FIGURE 5. Candidate gene-based association. Gene-based association analysis of candidate genes with SNPs that were significantly correlated to SWPP. HB, Harbin; SY, Shenyang; Ave, Average seed weight per plant in 2015 and 2016.


FIGURE 6. Haplotypes analysis of genes that related to SWPP. The and ∗∗ suggested significance of ANOVA at p < 0.05 and p < 0.01, respectively. HB, Harbin; GZ, Gongzhuling; SY, Shenyang; Ave, Average seed weight per plant in 2015 and 2016.


Seed weight per plant, controlled by multiple genes, was an important component of seed yield in soybean. Thus far, some QTL have been identified based on linkage analysis from the SoyBase databank. However, few studies dissecting the genetic basis of SWPP in soybean via GWAS in combination with high-throughput SNPs and diverse accessions across multiple environments have been discussed, and even fewer candidate genes have been reported. In the present study, 185 soybean accessions were widely collected from China and used to conduct GWAS via high-throughput SNPs and diverse environments. In total, twenty SNPs were identified among twelve different soybean chromosomes, and these SNPs might have value for further breeding cultivars with appropriate SWPP.
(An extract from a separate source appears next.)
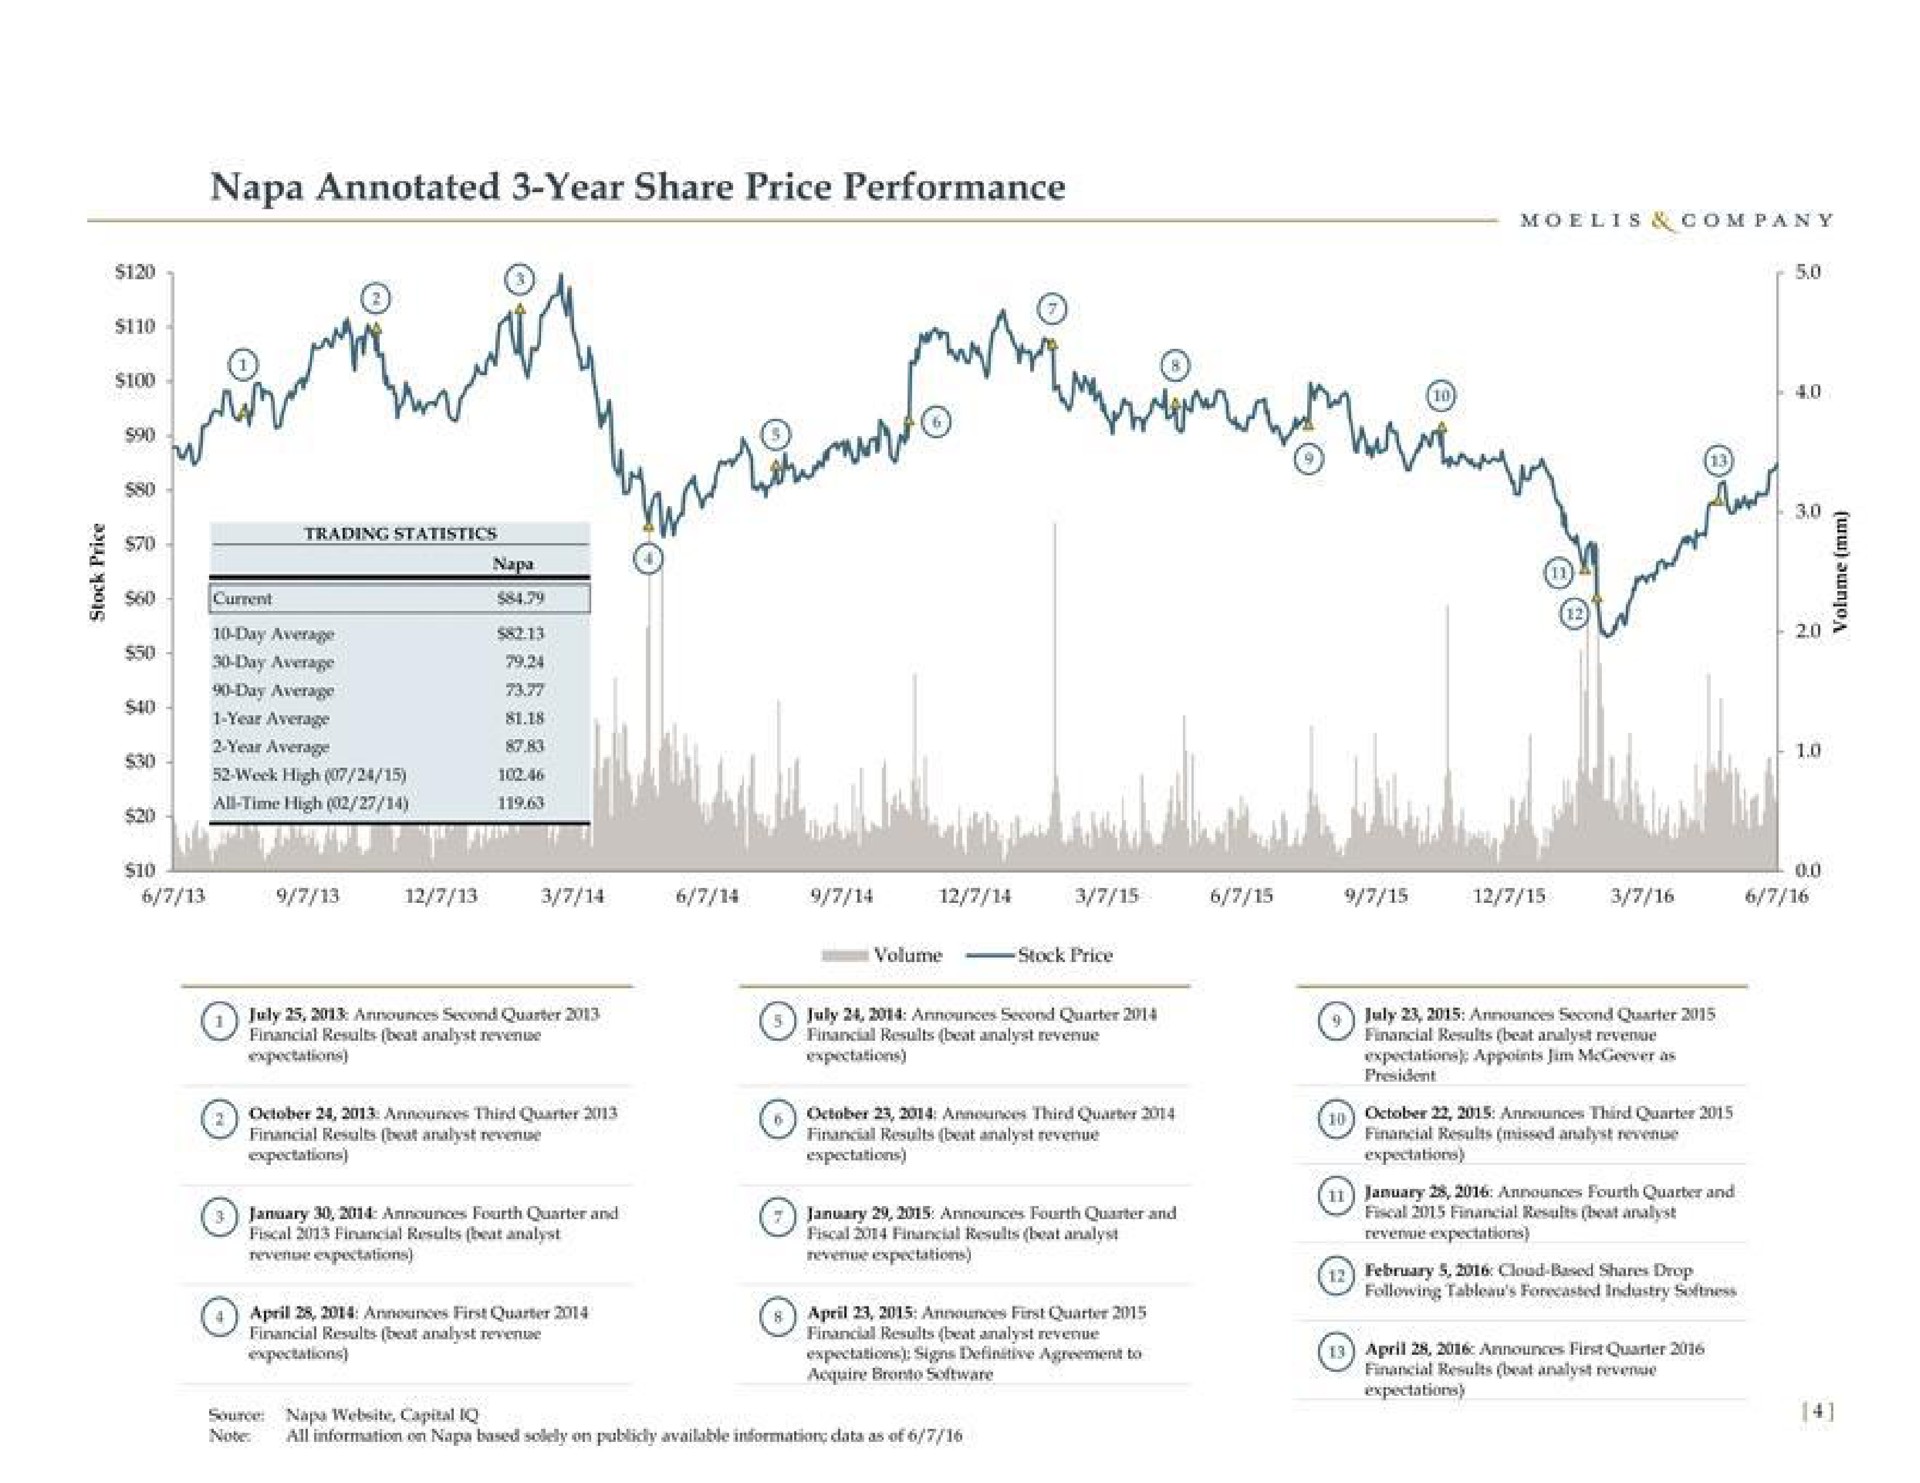 napa annotated year share price performance i trading statistics i | Moelis & Company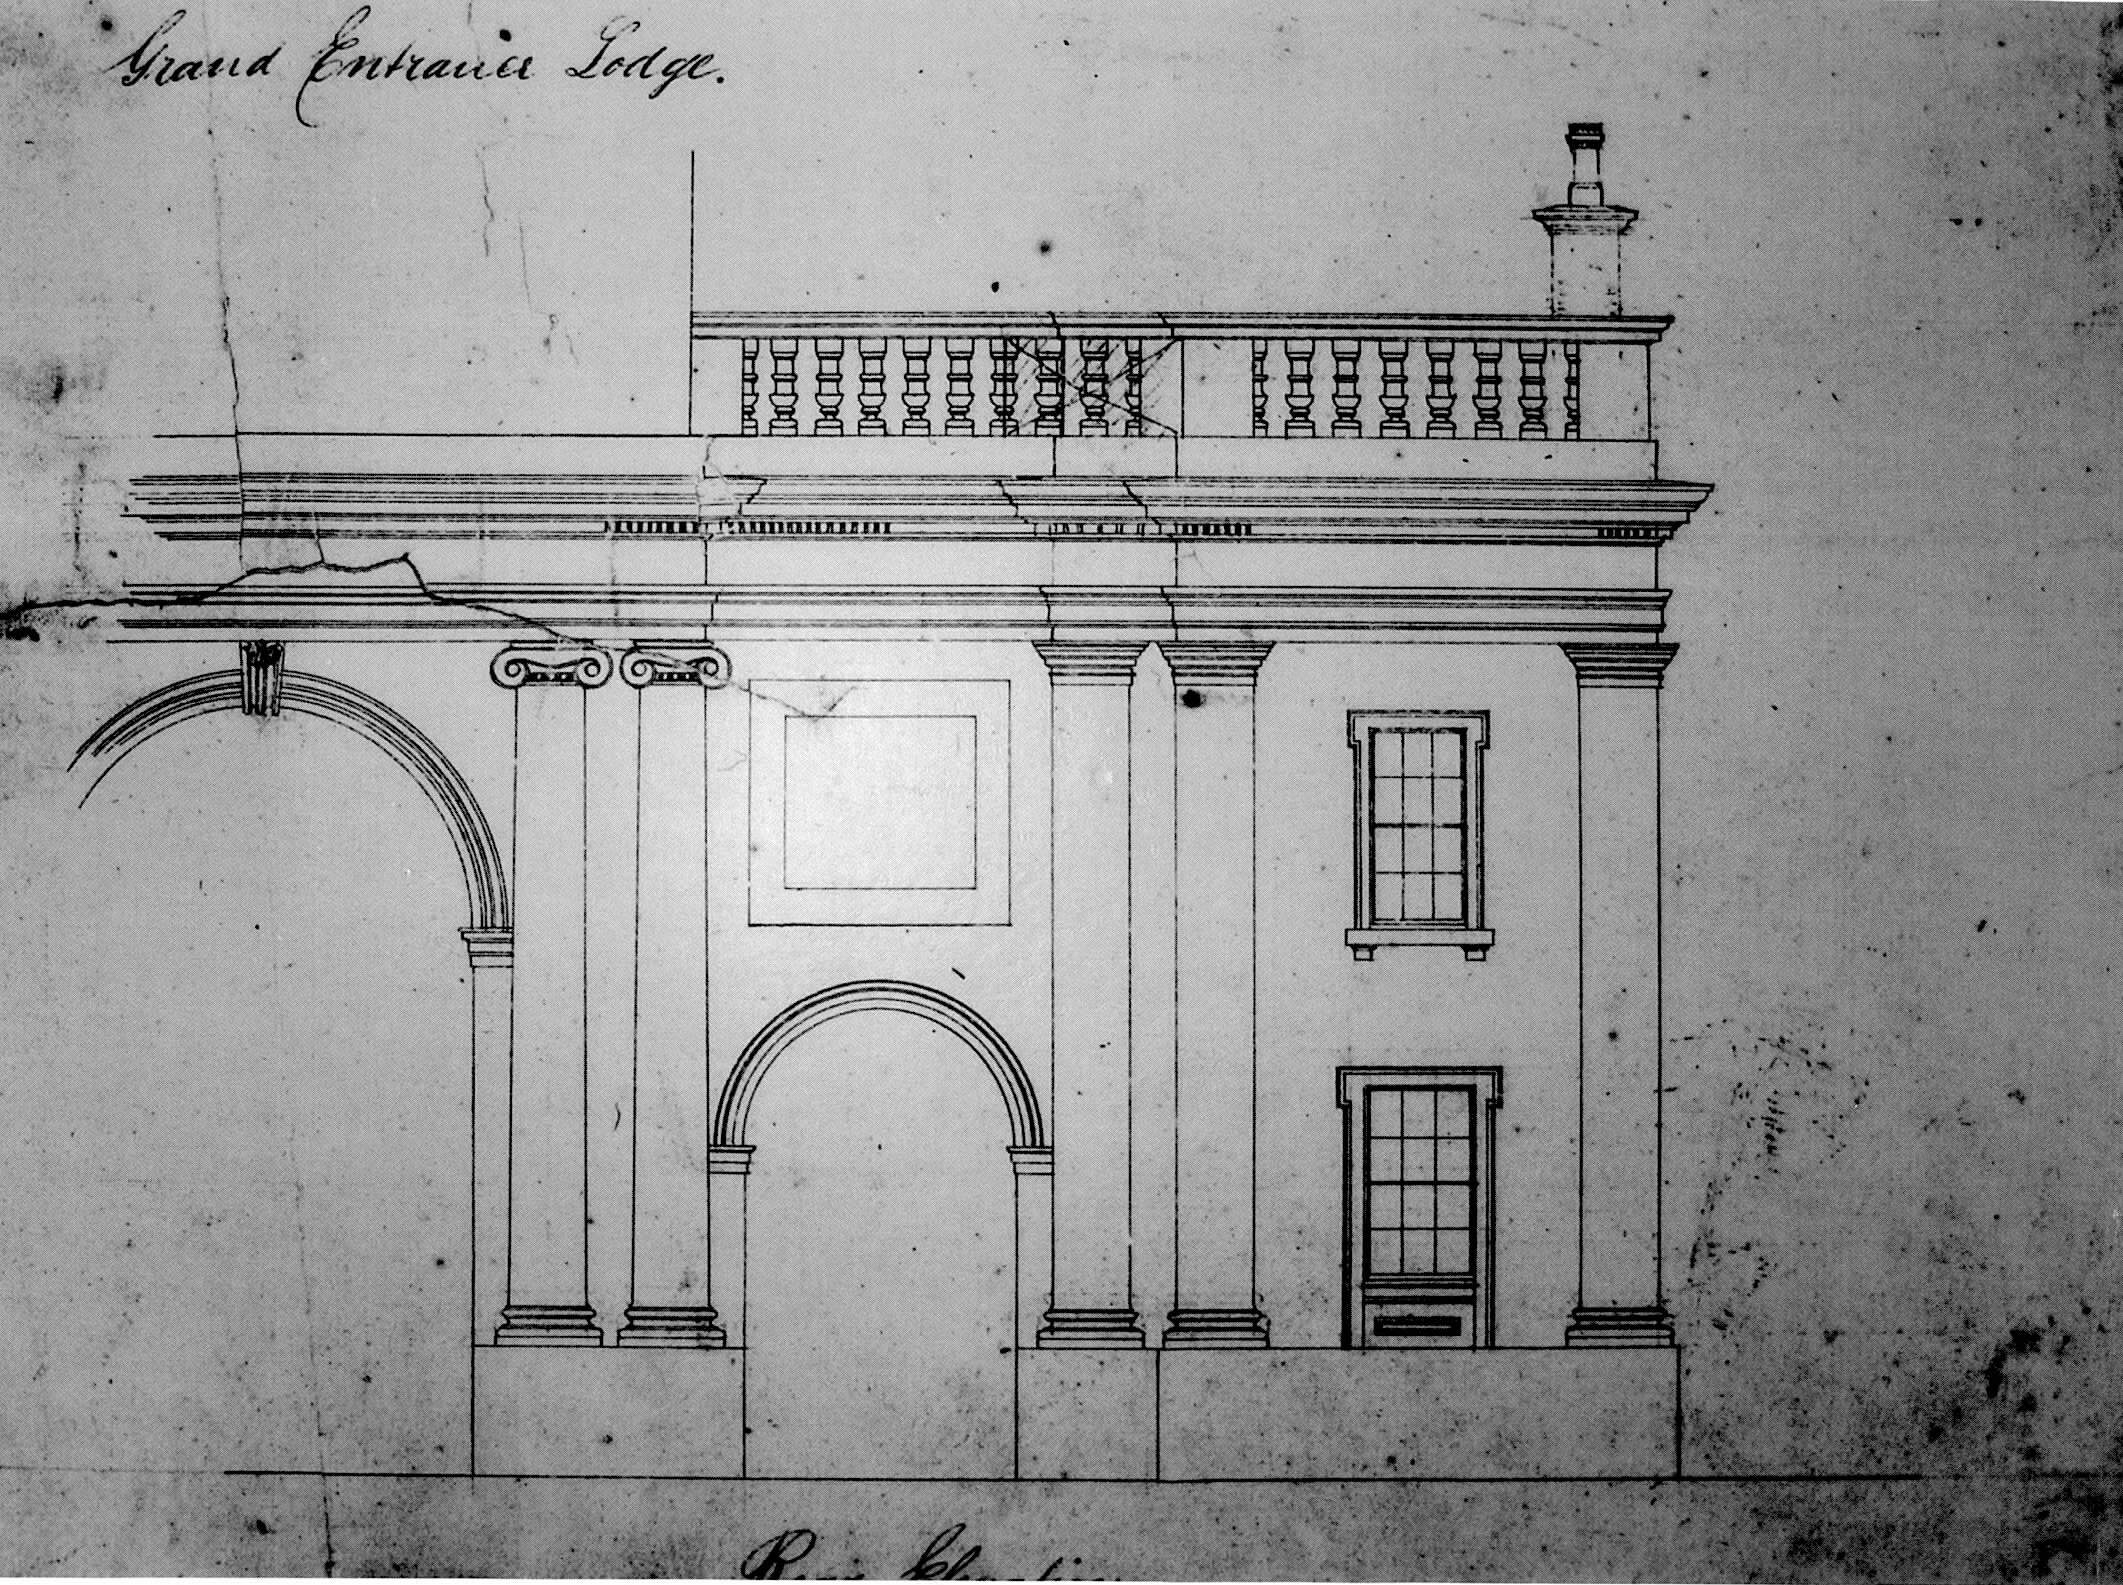 Original plan detail of Grand Entrance

In addition to the QTL associated with SWPP in the SoyBase databank, the genes associated with seed weight were referred for more accurately identifying the genomic region underlying the SWPP of soybean via the twenty SNPs used in the present study. Among the twenty SNPs, eight loci, including Gm02:27731352 located on Chr.2, Gm03:25789435 and Gm03:26388034 located on Chr.3, Gm12:24101071 located on Chr.12, Gm14:47326193 located on Chr.14, Gm15:45663581 located on Chr.15, and Gm19:19848537 and Gm19:19848932 located on Chr.19, were novel genes first reported in the present study. The genomic region of Chr.19, which included two close loci (Gm19:19848537 and Gm19:19848932), might be a primary region associated with SWPP. Additionally, another twelve SNPs were overlapped or located near known QTL (Table 2). Among these SNPs, one SNP (Gm18:23052511 located on Chr.18) was identified in the same region reported by Mian et al. (1996), and this polymorphism was also located near the locus named SWPP 6-6, which had been reported by Yao et al. (2015). A set of seven SNPs, including Gm02:17792241 on Chr.2, Gm08:15768591 and Gm08:15768603 on Chr.8, Gm10:34747895 and Gm10:34946492 on Chr.10, Gm12:31782089 on Chr.12, and Gm20:29716176 on Chr.20, were located in the same genomic region previously reported by Han et al. (2012) by using three RIL populations, and furthermore, among these seven SNPs, two close loci (Gm08:15768591 and Gm08:15768603 on Chr.8), Gm12:31782089 and Gm20:29716176 were also stably identified near previously reported loci (Sebolt et al., 2000; Zhang et al., 2004; Kato et al., 2014). Additionally, four genomic regions (Gm07:19488264 on Chr.7, Gm14:24306475 on Chr.14, Gm17:10196755 on Chr.17, and Gm19:11082560 on Chr.19) were also identified in previous studies (Csanadi et al., 2001; Hoeck et al., 2003; Teng et al., 2009). Moreover, some SNPs from candidate genes based on gene-based association analysis were found close to the loci that were verified in the present study by GWAS and previous studies. The main loci were Gm07:19488264, Gm08:15768591, Gm08:15768603, and Gm18:23052511. These four loci might be major genomic regions containing candidate genes associated with SWPP.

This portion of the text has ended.